What the task requires :: Copy out each line of the material in which the word "left" appears.

Records for this task ::
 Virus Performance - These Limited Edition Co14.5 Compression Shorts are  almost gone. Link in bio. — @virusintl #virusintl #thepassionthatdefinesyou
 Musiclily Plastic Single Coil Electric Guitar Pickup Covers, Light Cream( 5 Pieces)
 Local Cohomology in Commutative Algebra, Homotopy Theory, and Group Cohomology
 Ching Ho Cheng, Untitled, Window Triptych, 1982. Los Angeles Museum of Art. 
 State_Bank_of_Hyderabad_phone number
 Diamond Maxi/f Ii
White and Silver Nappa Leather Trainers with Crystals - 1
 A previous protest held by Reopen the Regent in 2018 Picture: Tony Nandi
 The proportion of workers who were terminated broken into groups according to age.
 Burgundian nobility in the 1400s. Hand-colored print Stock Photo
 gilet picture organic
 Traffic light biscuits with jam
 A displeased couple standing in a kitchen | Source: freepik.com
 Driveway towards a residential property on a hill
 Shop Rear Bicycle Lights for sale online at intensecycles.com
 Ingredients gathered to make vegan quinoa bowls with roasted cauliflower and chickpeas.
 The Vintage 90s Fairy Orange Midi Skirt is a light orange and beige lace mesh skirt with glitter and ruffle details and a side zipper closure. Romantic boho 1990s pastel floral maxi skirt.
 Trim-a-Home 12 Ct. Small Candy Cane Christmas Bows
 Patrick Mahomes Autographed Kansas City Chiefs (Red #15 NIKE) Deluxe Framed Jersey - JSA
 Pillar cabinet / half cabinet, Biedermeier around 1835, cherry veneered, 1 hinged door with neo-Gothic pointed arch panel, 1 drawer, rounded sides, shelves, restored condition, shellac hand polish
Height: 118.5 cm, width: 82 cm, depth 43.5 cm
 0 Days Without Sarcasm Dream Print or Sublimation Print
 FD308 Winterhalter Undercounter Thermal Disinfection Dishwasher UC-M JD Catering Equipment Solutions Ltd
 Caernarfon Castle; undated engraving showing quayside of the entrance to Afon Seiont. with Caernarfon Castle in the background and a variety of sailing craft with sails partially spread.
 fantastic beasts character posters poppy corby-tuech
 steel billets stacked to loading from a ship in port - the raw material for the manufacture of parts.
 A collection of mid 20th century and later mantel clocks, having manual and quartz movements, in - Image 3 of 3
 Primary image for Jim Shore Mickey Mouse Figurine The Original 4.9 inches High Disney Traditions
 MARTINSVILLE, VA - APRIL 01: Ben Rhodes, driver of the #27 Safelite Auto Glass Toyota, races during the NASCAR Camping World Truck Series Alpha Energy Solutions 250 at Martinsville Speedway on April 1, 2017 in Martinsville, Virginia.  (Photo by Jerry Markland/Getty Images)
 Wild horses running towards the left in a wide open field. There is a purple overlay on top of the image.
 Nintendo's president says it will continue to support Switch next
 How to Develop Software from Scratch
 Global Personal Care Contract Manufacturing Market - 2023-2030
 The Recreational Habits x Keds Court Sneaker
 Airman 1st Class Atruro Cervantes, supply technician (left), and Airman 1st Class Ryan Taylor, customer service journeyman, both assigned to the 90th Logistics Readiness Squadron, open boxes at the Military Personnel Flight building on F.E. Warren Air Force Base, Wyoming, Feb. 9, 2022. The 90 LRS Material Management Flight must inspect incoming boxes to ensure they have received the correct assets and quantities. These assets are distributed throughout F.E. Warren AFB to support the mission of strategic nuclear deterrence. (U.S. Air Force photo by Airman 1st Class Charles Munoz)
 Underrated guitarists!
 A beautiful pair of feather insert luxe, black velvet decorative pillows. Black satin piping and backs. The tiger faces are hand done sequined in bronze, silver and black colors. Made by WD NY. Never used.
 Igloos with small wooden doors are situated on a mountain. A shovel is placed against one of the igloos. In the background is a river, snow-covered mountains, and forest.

Written solution ::
 Wild horses running towards the left in a wide open field. There is a purple overlay on top of the image.
 Airman 1st Class Atruro Cervantes, supply technician (left), and Airman 1st Class Ryan Taylor, customer service journeyman, both assigned to the 90th Logistics Readiness Squadron, open boxes at the Military Personnel Flight building on F.E. Warren Air Force Base, Wyoming, Feb. 9, 2022. The 90 LRS Material Management Flight must inspect incoming boxes to ensure they have received the correct assets and quantities. These assets are distributed throughout F.E. Warren AFB to support the mission of strategic nuclear deterrence. (U.S. Air Force photo by Airman 1st Class Charles Munoz)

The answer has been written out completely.